Я бросил трубку. Он позвонил опять.
— Погоди... Лера, ответь.
— Нет ее здесь, Василий Валентинович.
— Везет тебе, рыжий, — вздохнул Васька.
Не очень, подумал, а вслух повторил:
— Я тебя люблю.
Знал, что ждет от меня других слов, но в тридцать шесть лет не дают невыполнимых обещаний, потому спросил:
— Тебе со мной плохо?..
— Если бы... — Она вздрогнула. — Никогда так не хотела замуж!..
— Но ты не знаешь, что я за сволочь! Я самая жестокая сволочь. Когда пишется, плюю на всех, когда застопорится, могу рехнуться. Я тебя замучаю. Изведу. И куда тебя привести? Вот встань. Иди сюда, к окну...
Узкая луна висела над пустым двором. Нож бульдозера снова сиял, и мы двое, голые, одиноко стояли в синем холодном свете.
— Смотри, он утром зарычит и пойдет крушить...
Любопытно, что видят близорукие? Я смежил веки, пытаясь представить, каким бульдозер представляется Лере... Вдруг заметил в его кабине что-то большое, плотное, белое... и понял: обманул Ваську.
— Что с тобой? — спросила Лера.
Я шепнул, что продрог, и потащил ее к тахте. Господи, как хорошо, что мы молчали!..
В бульдозере все слышно... Но зачем в белом кримплене лезть в кабину? Небось вся перемазалась... Интересно, попал бы я в нее, стреляя отсюда? В консервную банку наверняка бы не попал...
— Что с тобой? — повторила Лера.
Я благословил ее близорукость.
— Люблю тебя, — ответил безжизненным шепотом.
— А я тебя как!.. Хочешь, буду давать уроки. Я ведь овладела этим дурацким суггестивным методом. Сейчас многие едут не в Израиль, а в Америку и хотят быстро изучить язык. Я буду зарабатывать уйму денег, и ты будешь писать одни картины. А на стене, напротив тахты, повесим меня в синем пальто.
— У нас нет стены...
Я подумал, что в кабине бульдозера холодно.
— ...Нет стены, и нет тахты. И потом, я еще не жил на деньги женщин.
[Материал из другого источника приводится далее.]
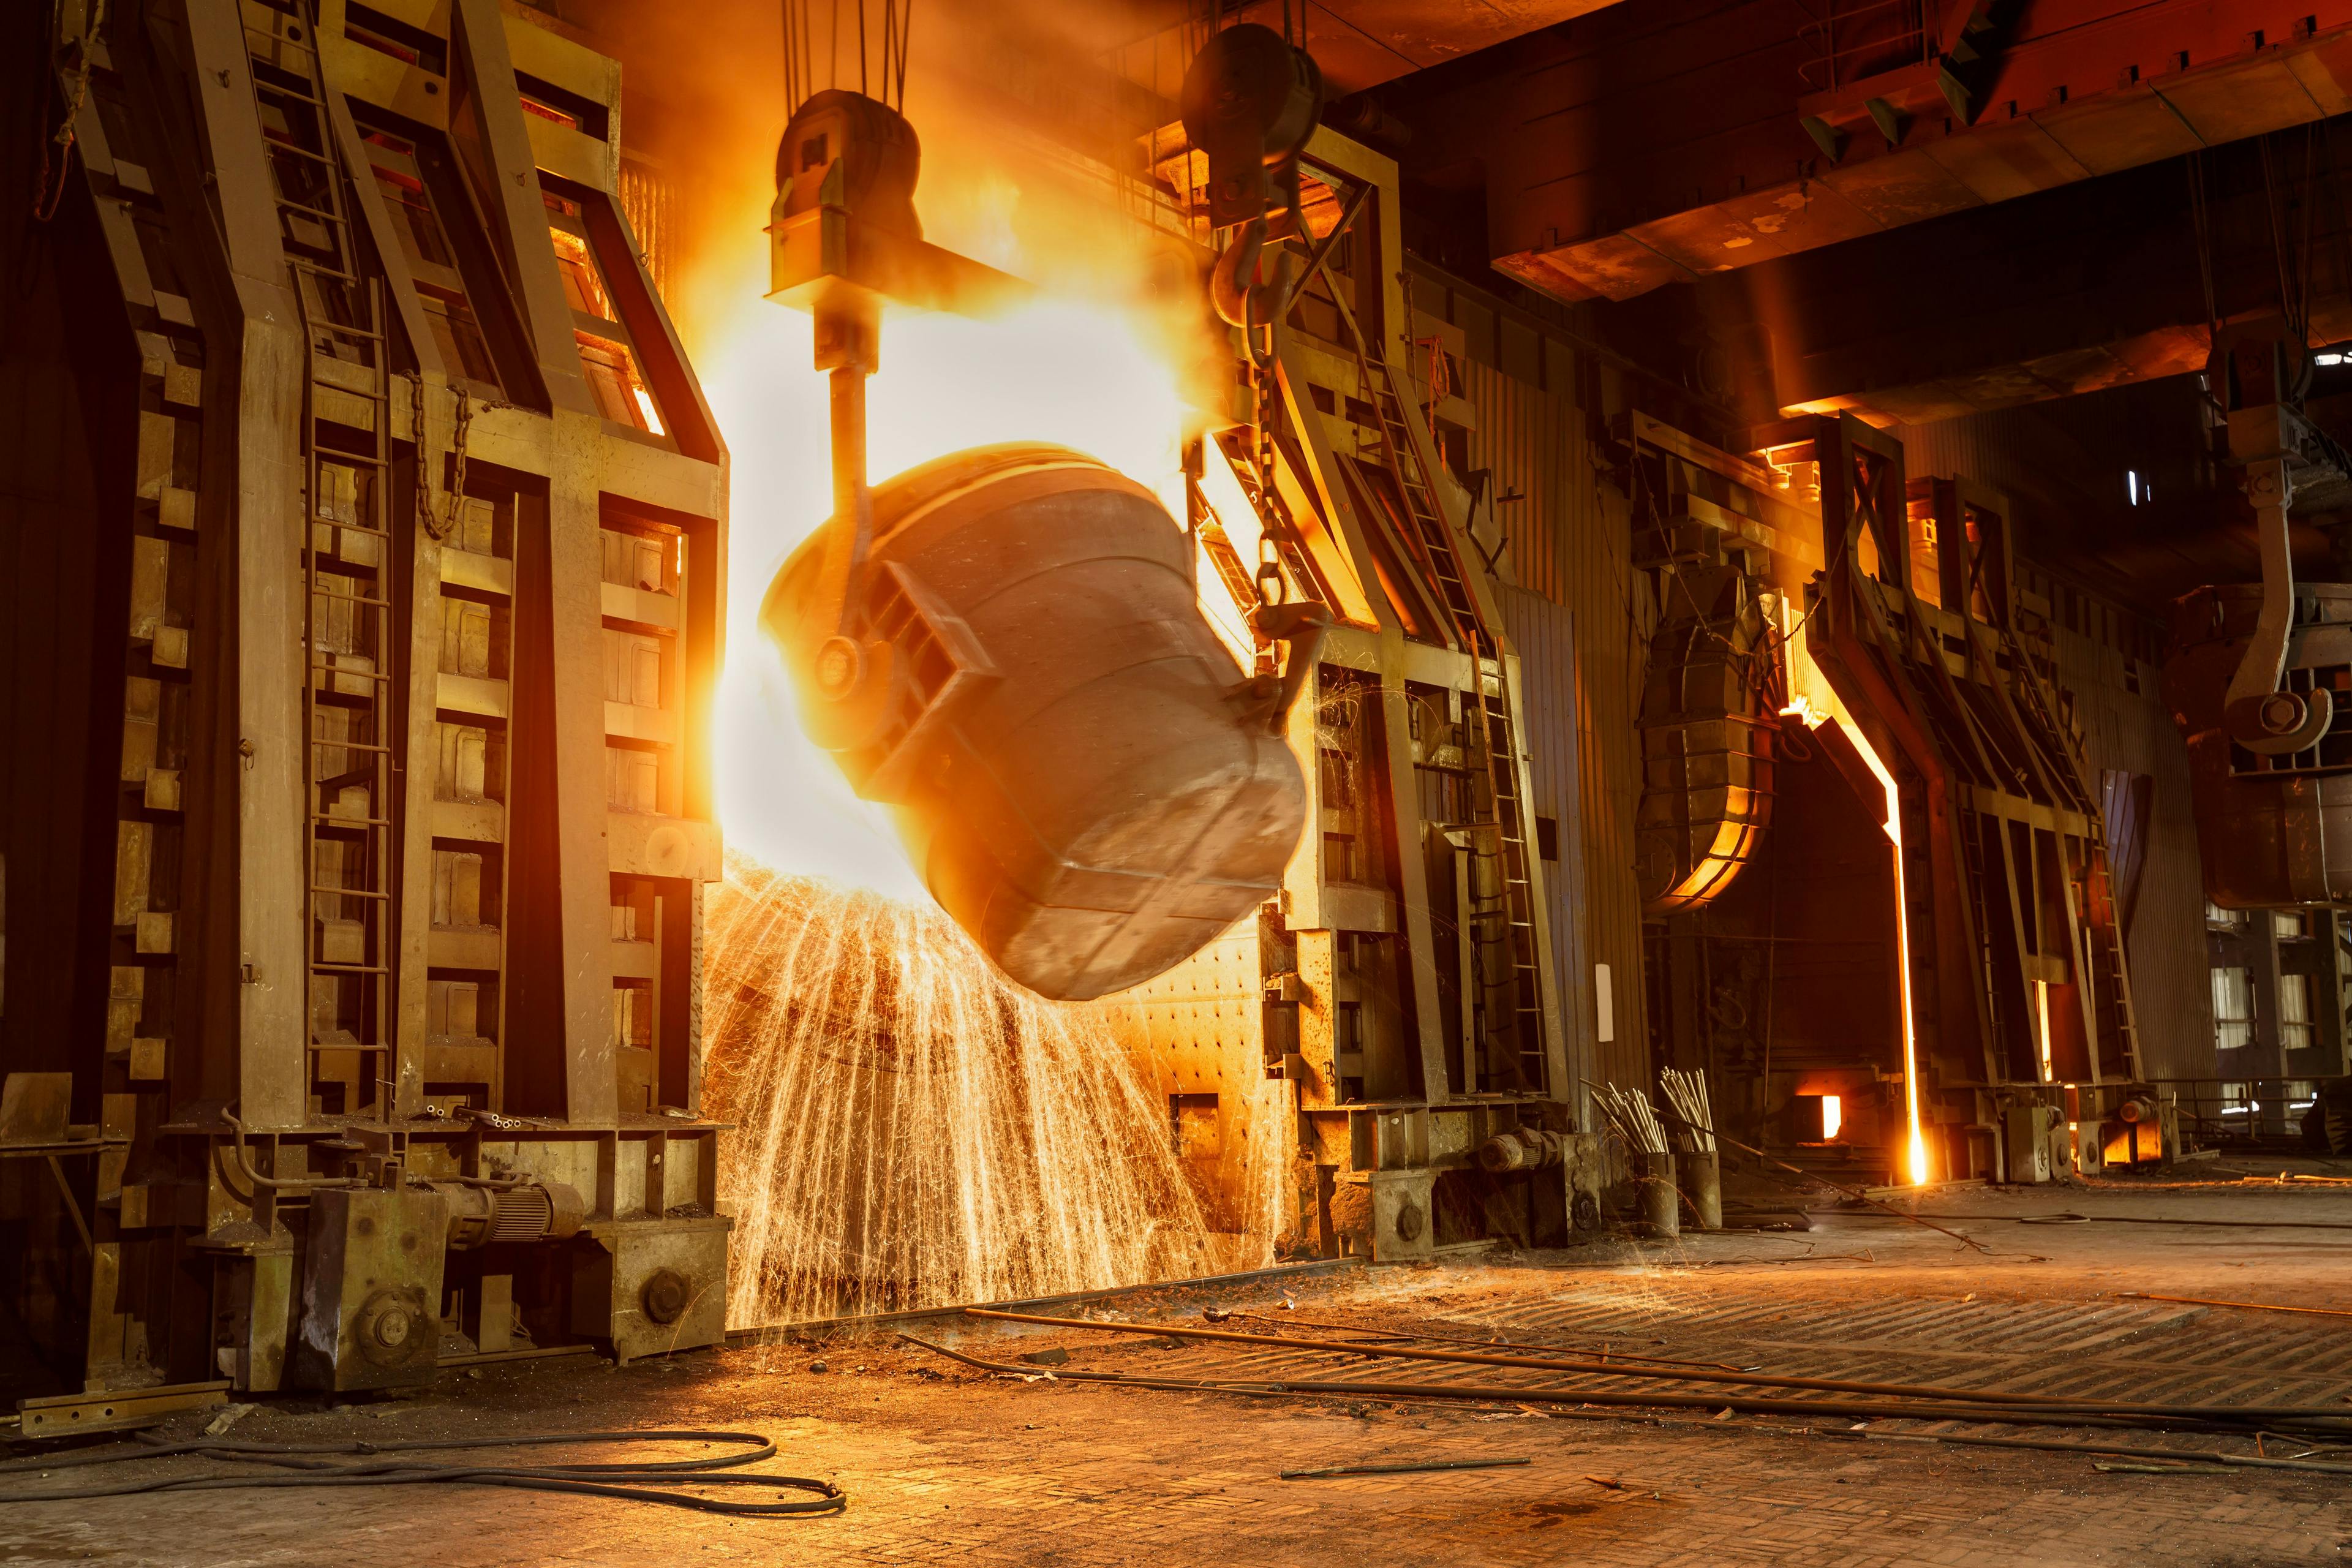 Metal smelting furnace in steel mills | Image Credit: © ABCDstock - stock.adobe.com

— Я тоже никогда не кормила мужа. А сейчас хочется... Я сильная. Это только с виду... а на самом деле у меня материнский характер.
Она скрутила отца! Он у нее не пикнет...
Я хотел сказать, что не надо никаких суггестивных уроков и совсем не нужна мне ее сила, потому что чудесна как раз ее слабость и робость и эта изумительная сутуловатость, а деньги, если уж решу, заработаю. Но не мог этого выдавить. За окном в бульдозере Томка. Другое дело, если б я ее уже застрелил...
— Ты не будешь надрываться... Сколько тебе нужно в месяц на холсты и краски?
— Полсотни. Но не волнуйся. Это чепуха...
— Не чепуха. Я вижу — вся твоя жизнь в холстах. Ты не понимаешь, как я живу. Ты не знаешь тех людей. Они хорошие, лучше вас. Но в них нет взвихренности, как у тебя или Василия Валентиновича. Они не одержимые. Муж очень хороший, но я с ним неживая, не то что с тобой...
Я предательски молчал.
— И отец хороший человек. Но, знаешь, он целый день может чистить медную ручку или выпиливать вешалку.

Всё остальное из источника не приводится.